Consider the function $g(x)=e^{-ix^2}$. It is an (imaginary) Gaussian function. It is merely a bounded function. However we can still talk about its Fourier transform, which is (a priori) a tempered distribution. One can show (e.g. using contour integration) that $\hat{f}$ is a bounded function, and $$\hat{f}(\xi) = \int_{-\infty}^\infty e^{-ix^2} e^{-x\xi} dx = a e^{ib \xi^2},$$ where $a\in\mathbb{C}, b\in\mathbb{R}$ are constants whose exact values are not very interesting (they are $a=\frac12\sqrt{2\pi}(1-i)$ and $b=\frac14$). These values can be easily calculated by a purely formal computation.
To have fewer inessential constants jumping around let us set $a=1, b=-1/2$ and write $A\approx B$ and $A\lesssim B$ to mean $C^{-1} A\le B\le C A$ and $A\le C B$ with some finite, positive absolute constant $C$, respectively, where $A,B$ are positive quantities.
So $Tf(x)=\mathcal{F}^{-1} ( \hat{f}(\xi) e^{-i\xi^2/2} )(x),$ where $\mathcal{F}^{-1}f(x)=\int e^{ix\xi} f(\xi) d\xi$ is the inverse Fourier transform.
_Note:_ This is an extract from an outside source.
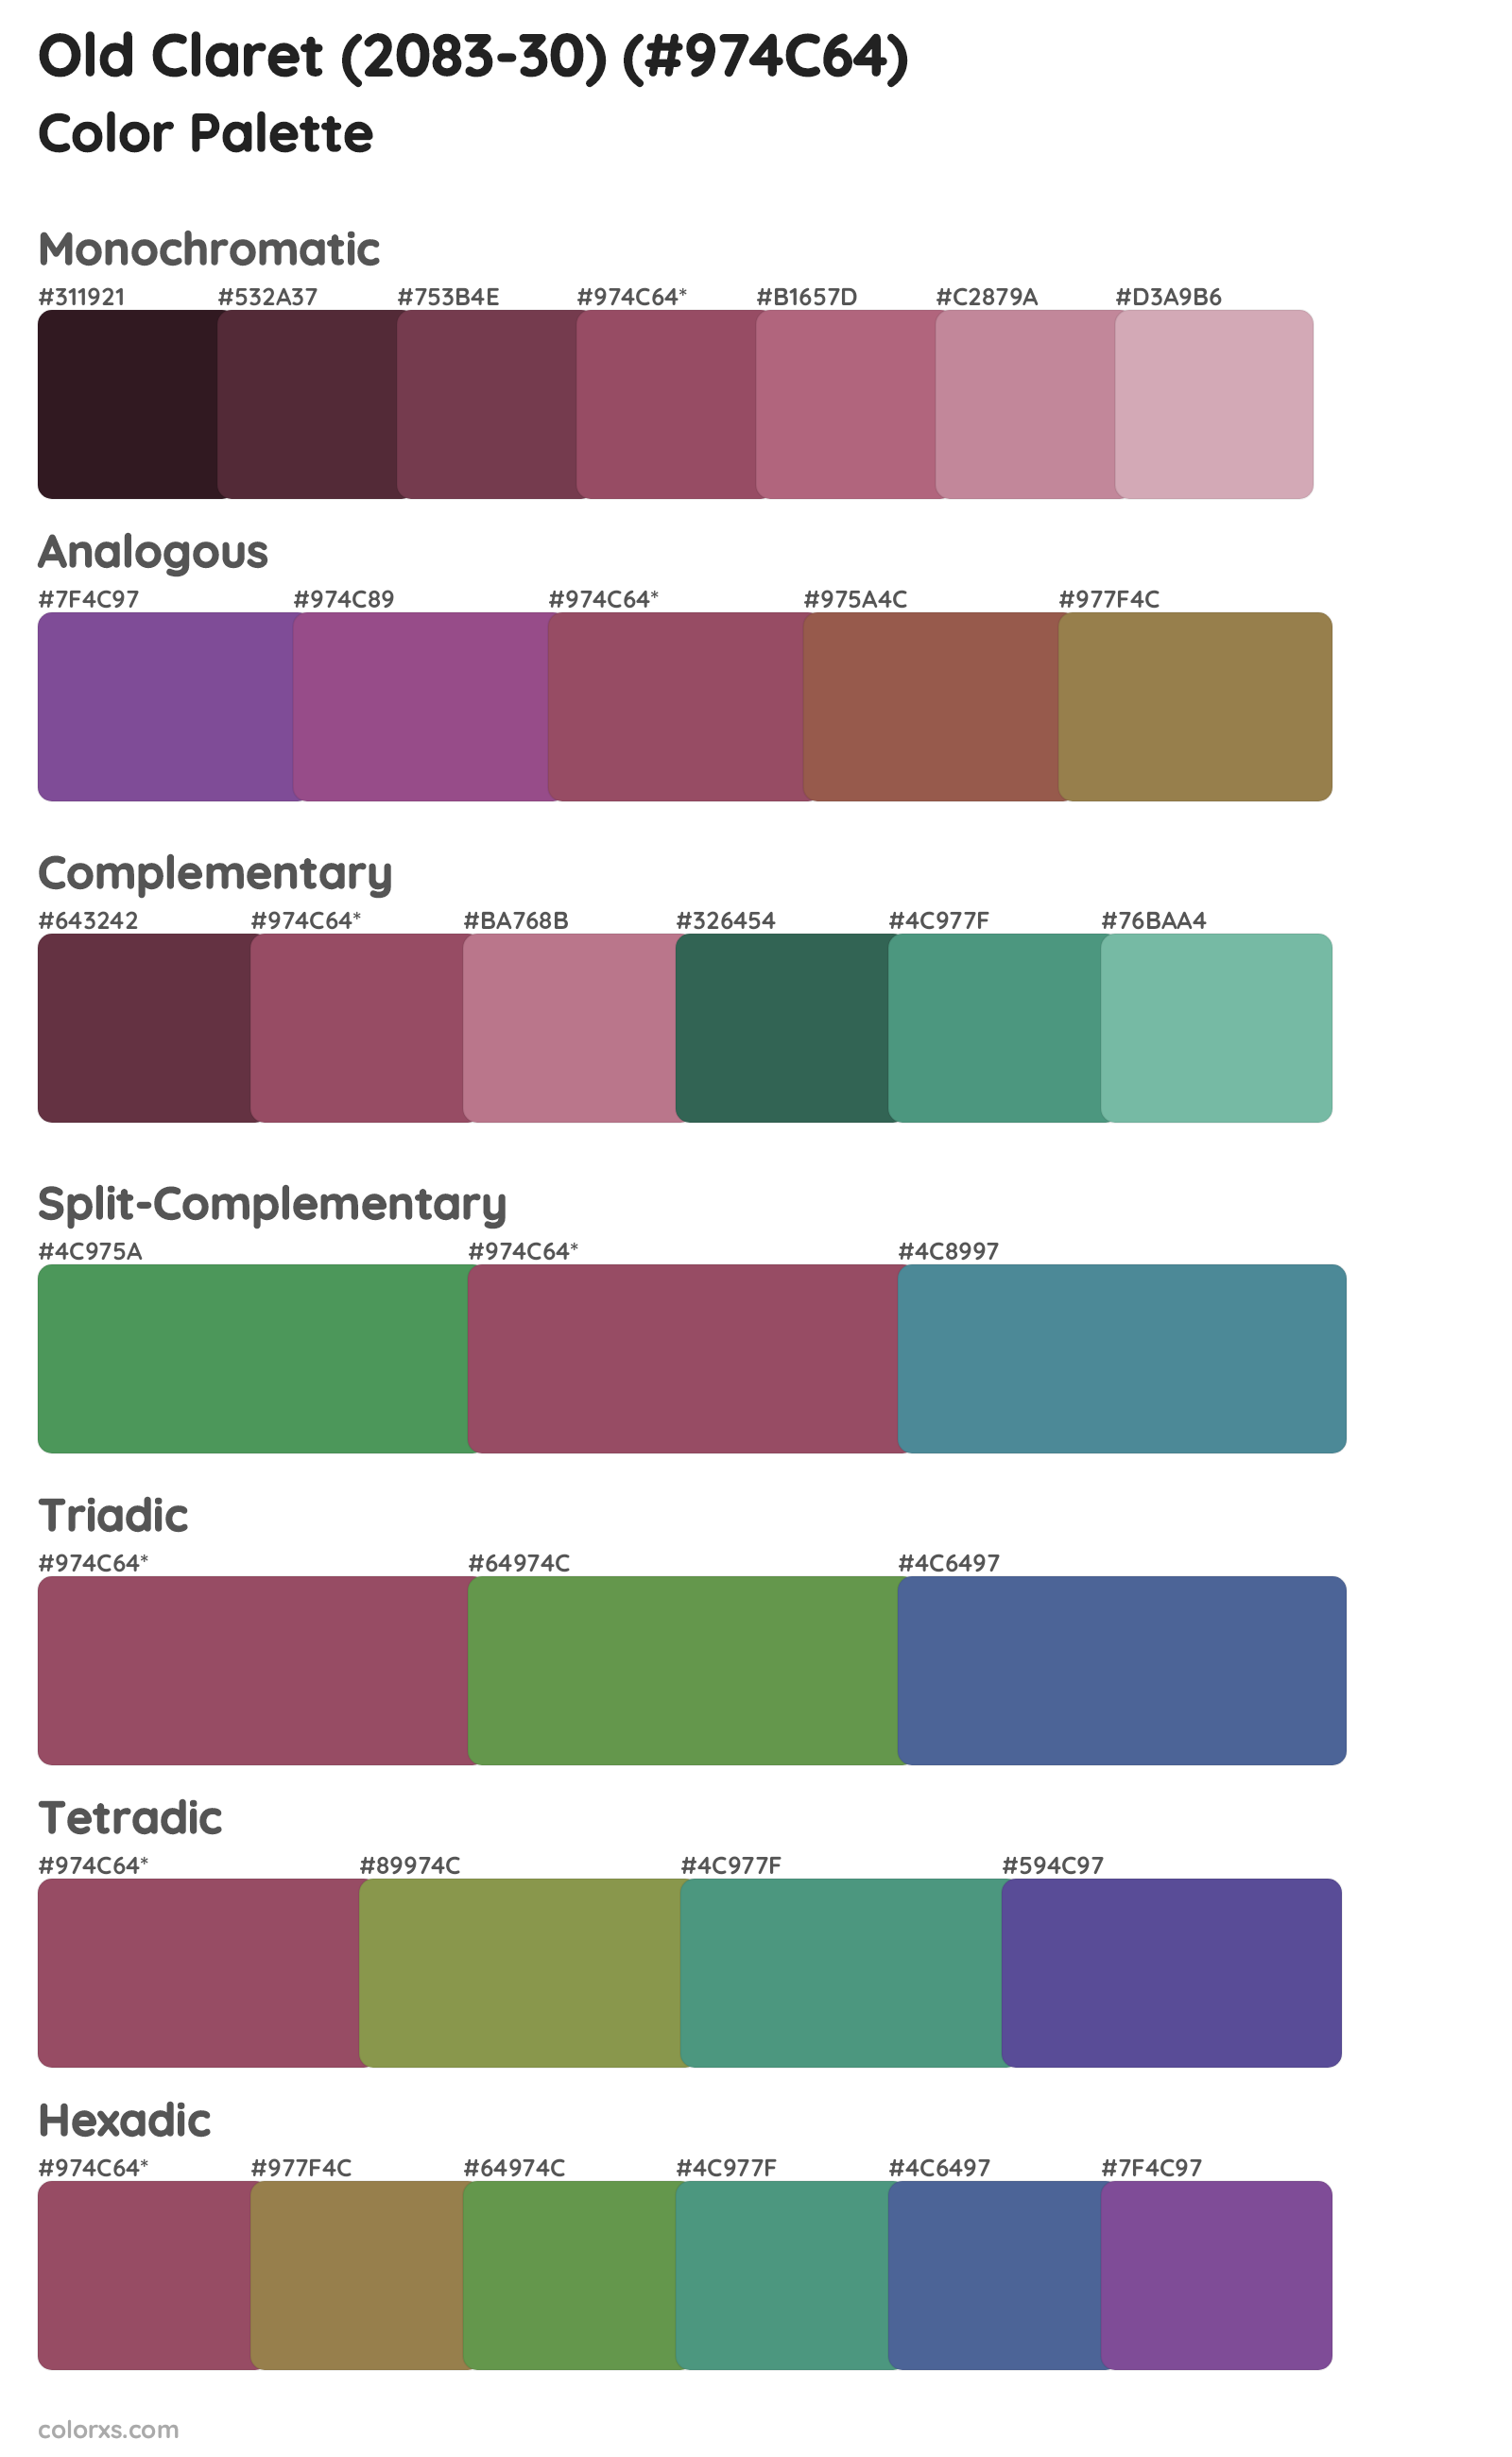 Old Claret (2083-30) Color Scheme Palettes
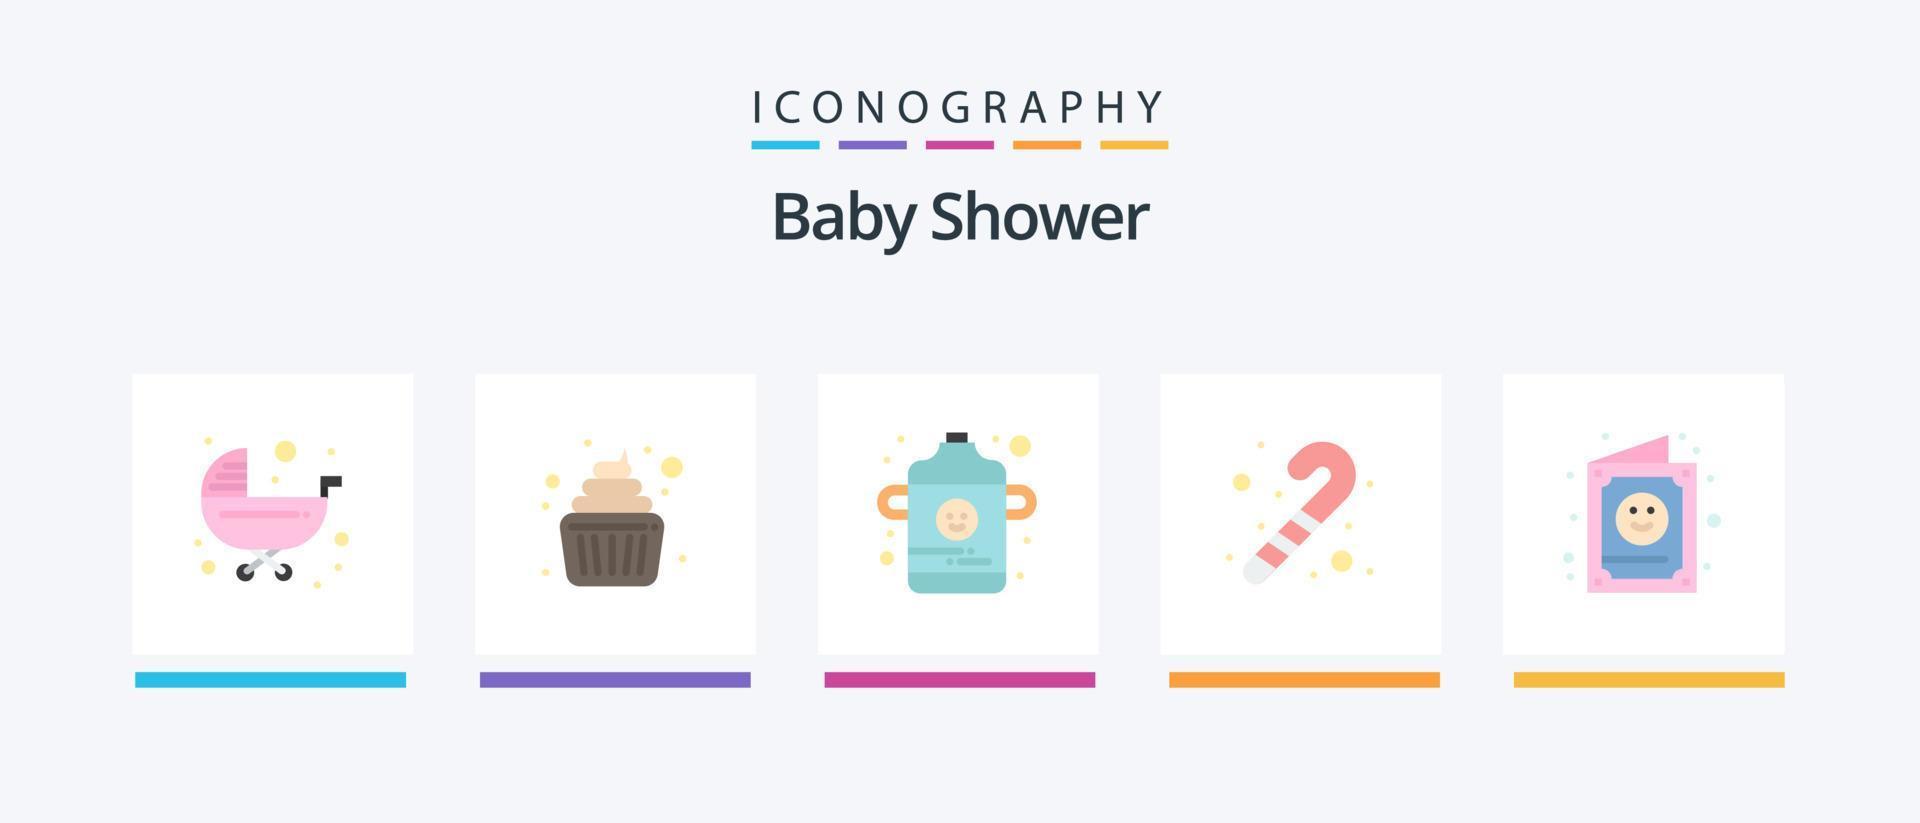 bebis dusch platt 5 ikon packa Inklusive söt. kort. unge. bebis. godis sockerrör. kreativ ikoner design vektor

To get a feeling for such inequalities it is good to plug in a rescaled bump function and then see how both sides of the inequality behave when the scaling is changed. Since $g$ is a Gaussian, it is natural to plug in rescaled Gaussian's for $f$. Let $\lambda>0$ and set
$$f(x)=e^{-(x/\lambda)^2/2}.$$
We have $\|f\|_q\approx \lambda^{1/q}$. We can compute $\hat{f}(\xi) = c \lambda e^{-(\lambda\xi)^2/2}$, where $c=\sqrt{2\pi}$. Then
$$ \hat{f}(\xi) e^{-i\xi^2/2} = c\lambda e^{-\frac{\xi^2}2 (\lambda^2+i)}$$
Using $\lambda^2+i=(e^{\frac12 \log(\lambda^2+i)})^2$ go ahead and compute
$$ |\mathcal{F}^{-1}( \hat{f}(\xi)e^{-i\xi^2/2} )(x)| \approx \lambda |\lambda^2+i|^{-1/2} e^{-\frac{x^2}2 \text{Re}\Big(\frac1{\lambda^2+i}\Big)}=\lambda (\lambda^4+1)^{-1/4} e^{-\frac{x^2}2 \frac{\lambda^2}{\lambda^4+1}}$$
Thus,
$$ \|Tf\|_p \approx \lambda (\lambda^4+1)^{-1/4} \Big(\int e^{-\frac{x^2}2 \frac{p\lambda^2}{\lambda^4+1}} dx\Big)^{1/p} \approx \lambda^{1-\frac1p} (\lambda^4+1)^{\frac1{2p}-\frac14} $$
If we want $\|Tf\|_p\lesssim \|f\|_q$ to hold, then it is necessary that $$\lambda^{1-\frac1p-\frac1q} (\lambda^4+1)^{\frac1{2p}-\frac14}\lesssim 1$$ for all $\lambda>0$. But then we need to have $p=q=2$ (check it).
Note that $\|Tf\|_2\lesssim \|f\|_2$ really holds by Plancherel's theorem.